I forgot to say my BEd (4 years) specialised in Early Years and I kept up to date with all the changes and introduction of the Early Years Foundation Stage curriculum and guidance. The fact that they don't require this is a big red flag.

Playgrind · 14/06/2023 22:21

Thanks @ImAMinion really helpful things to think about.

It's not a nursery attached to a school, or reception year at primary, but a nursery that looks after kids 0-5 years. So not expecting/hoping for anything like MPS or teacher pensions etc.

To @Alittlebitolderandeeperindebt a bit harsh when you haven't seen my cv, I have loads of relevant professional training and experience in a closely related field Including working with kids with profound and multiple learning disabilities. I was able wax lyrical about the early years development framework and was told I gave a great interview.

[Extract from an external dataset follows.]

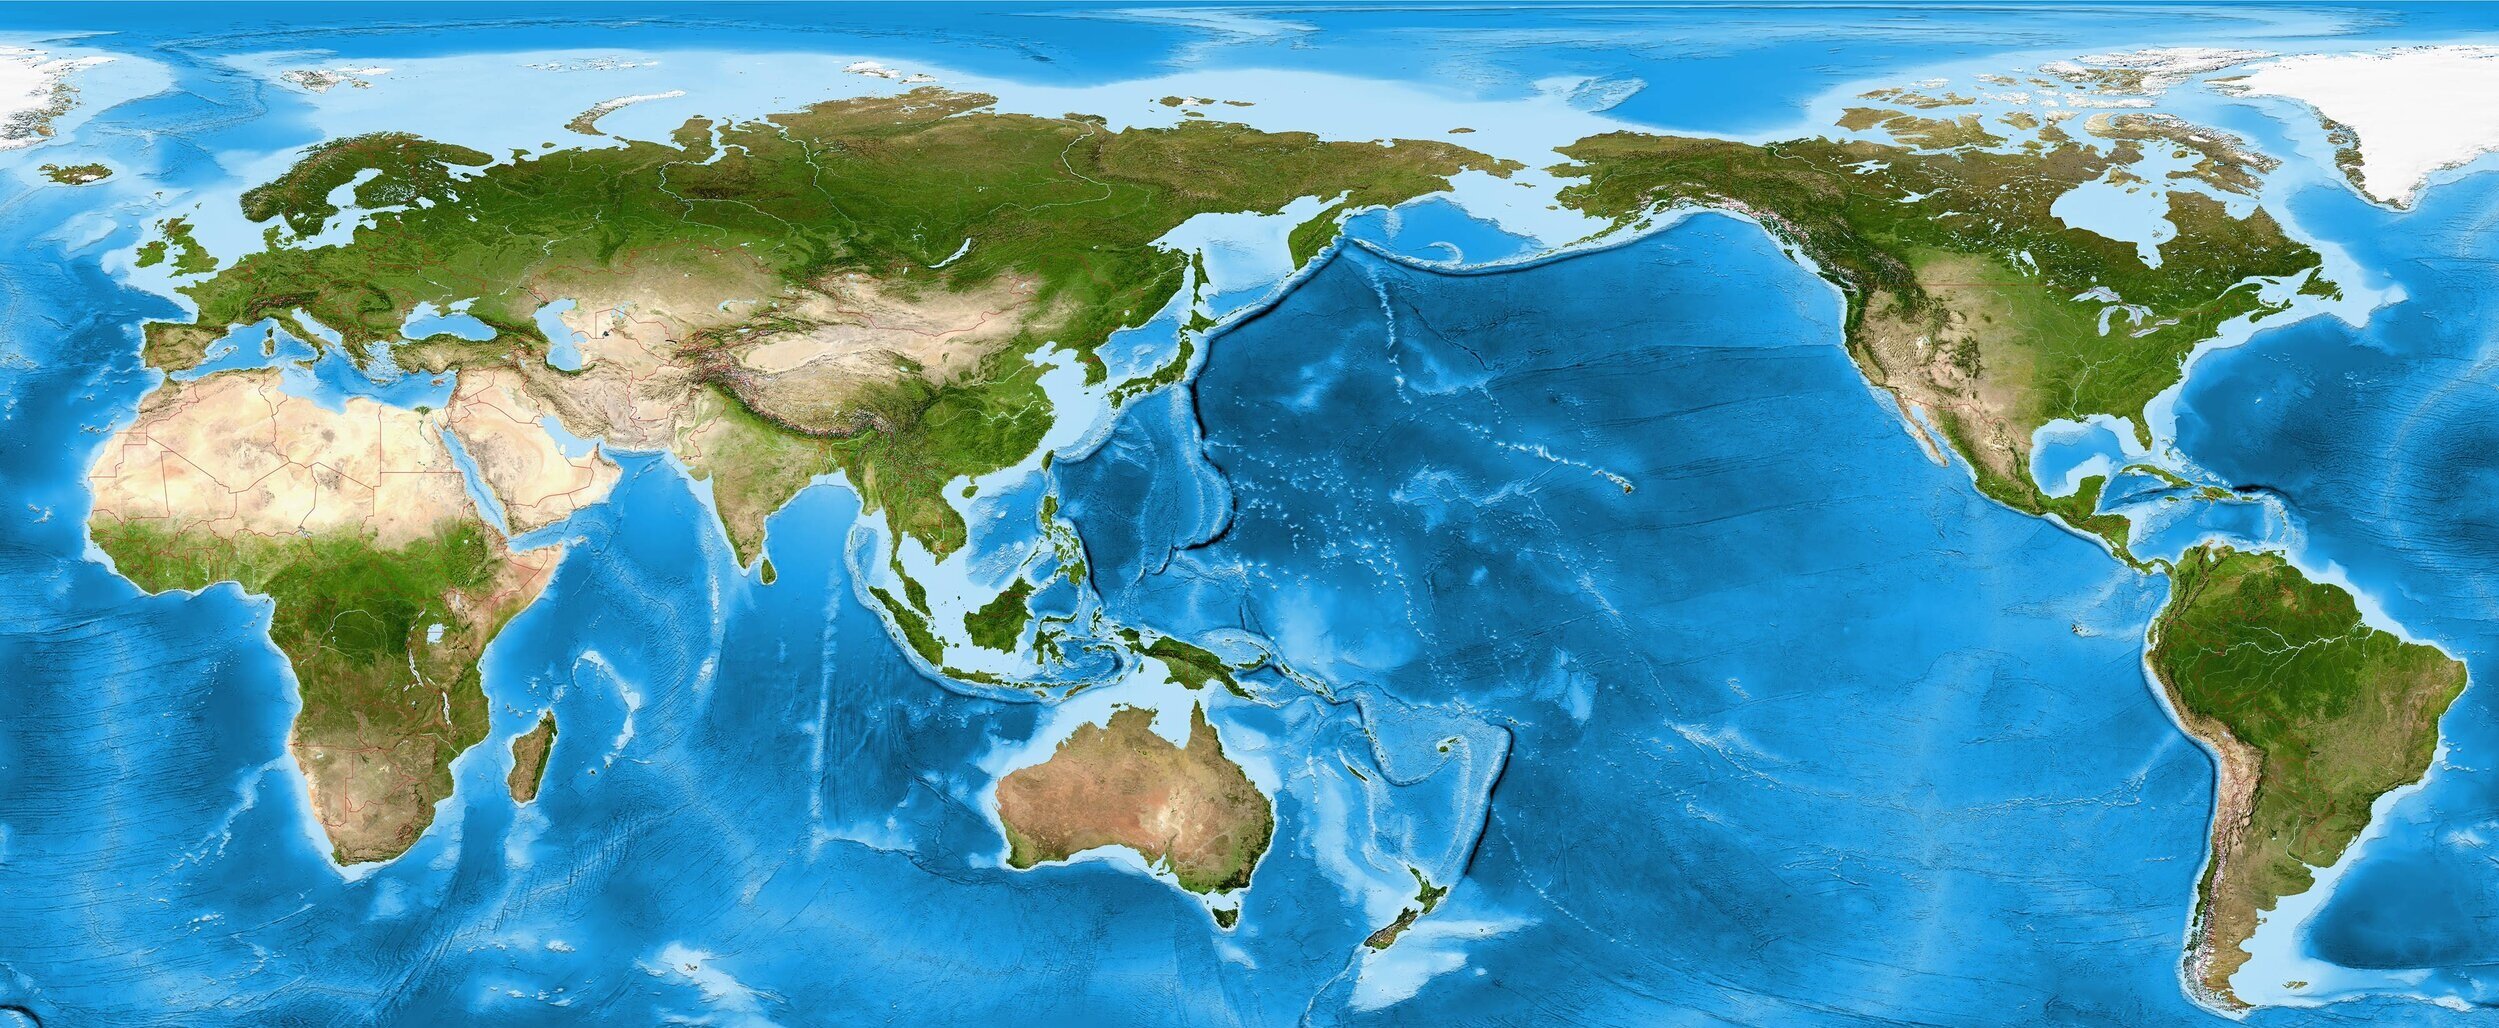 World s oceans. Текстура планеты. Тихий океан на планете. Моря земли. Текстура планеты земля для 3d Max.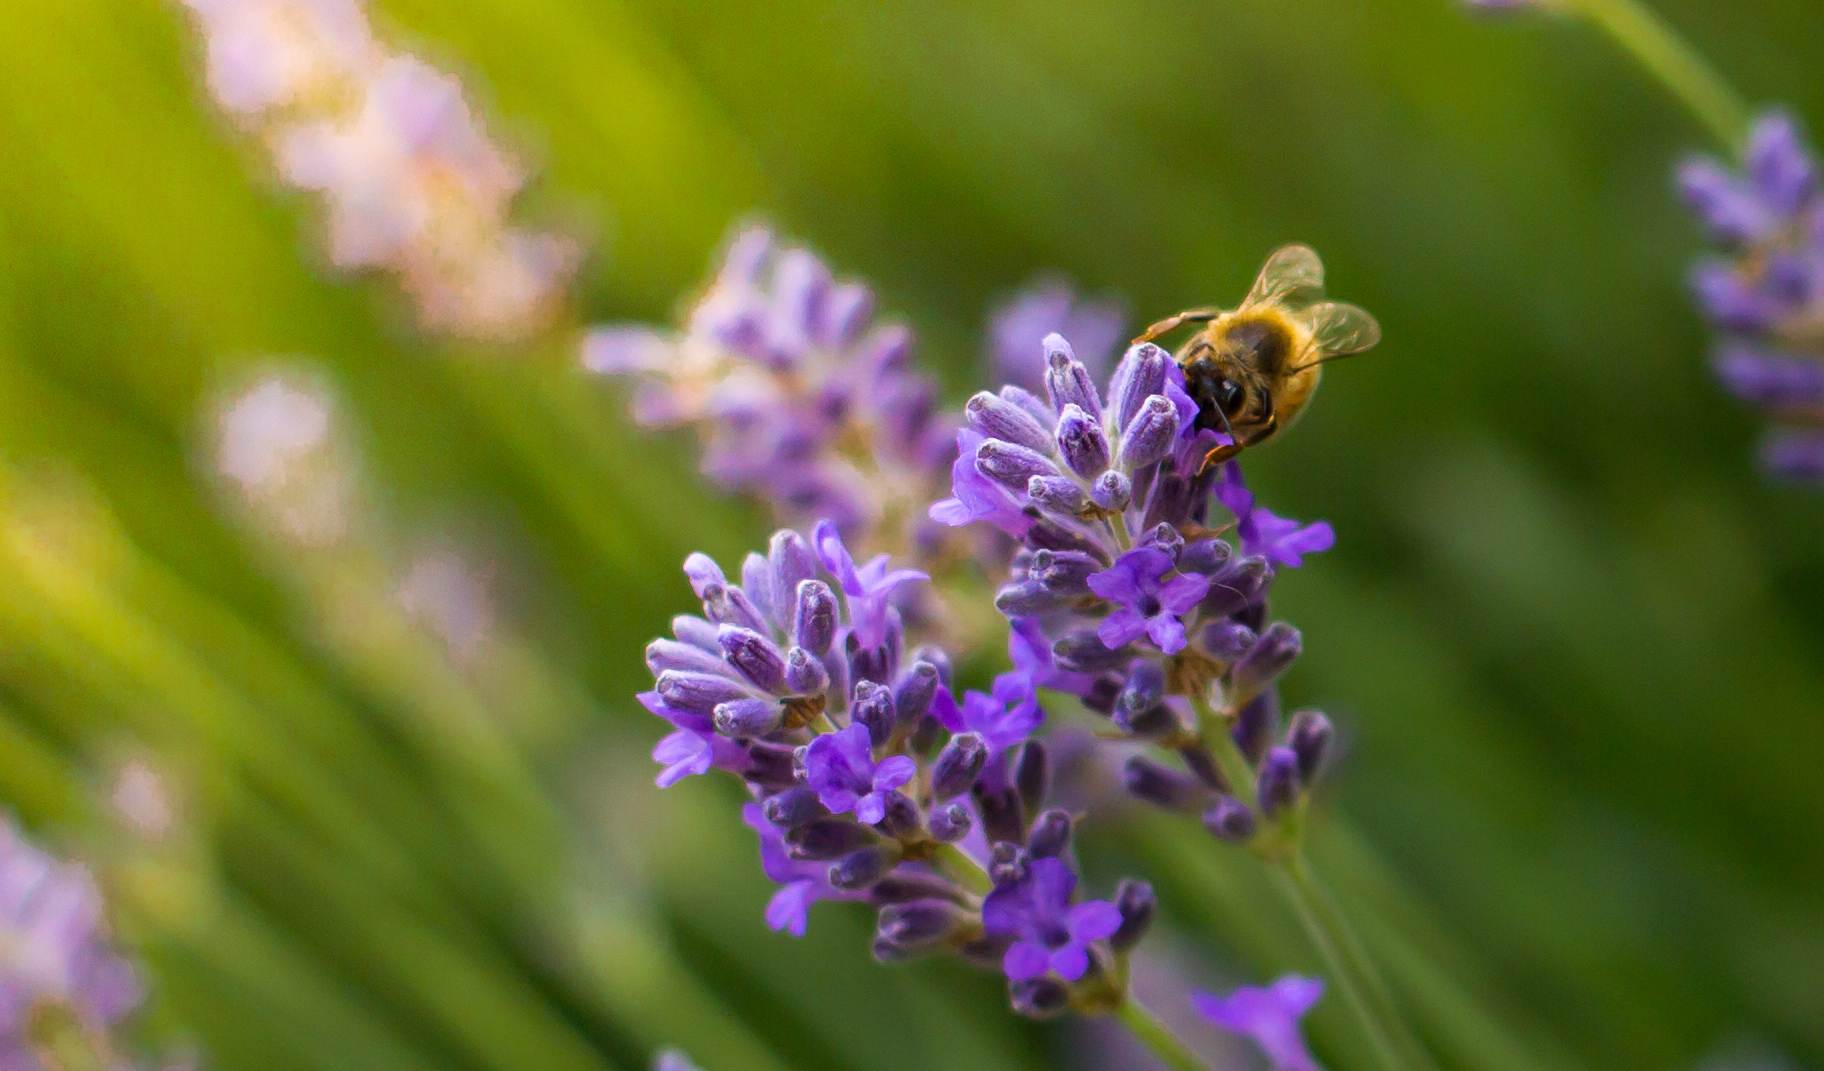 Bee on lavender.jpg  by WPC-187

My ultimate aim would be to work in or even run a nursery based on alternate approaches to education like reggio Emilia. Probably just a pipedream unless the magic money tree pops up. I hate how early years education is so undervalued in this country.

OP posts:
Playgrind · 14/06/2023 22:24

Oh, I should also say I liked the approach of the manager, who values in investing in people. They all ready have am early years teacher or two, are looking to have one in every room, AFAIK this is unusual.

OP posts:
Alittlebitolderandeeperindebt · 14/06/2023 22:54

Playgrind · 14/06/2023 22:24

Oh, I should also say I liked the approach of the manager, who values in investing in people. They all ready have am early years teacher or two, are looking to have one in every room, AFAIK this is unusual.

One or two?

£27k for a QTS isnt investing in people
No PPA isnt investing in people
Ask them if you cant do the NPQ in early years-it is for nurseries. Will they pay for your releases to do ? Or will they fund an MA?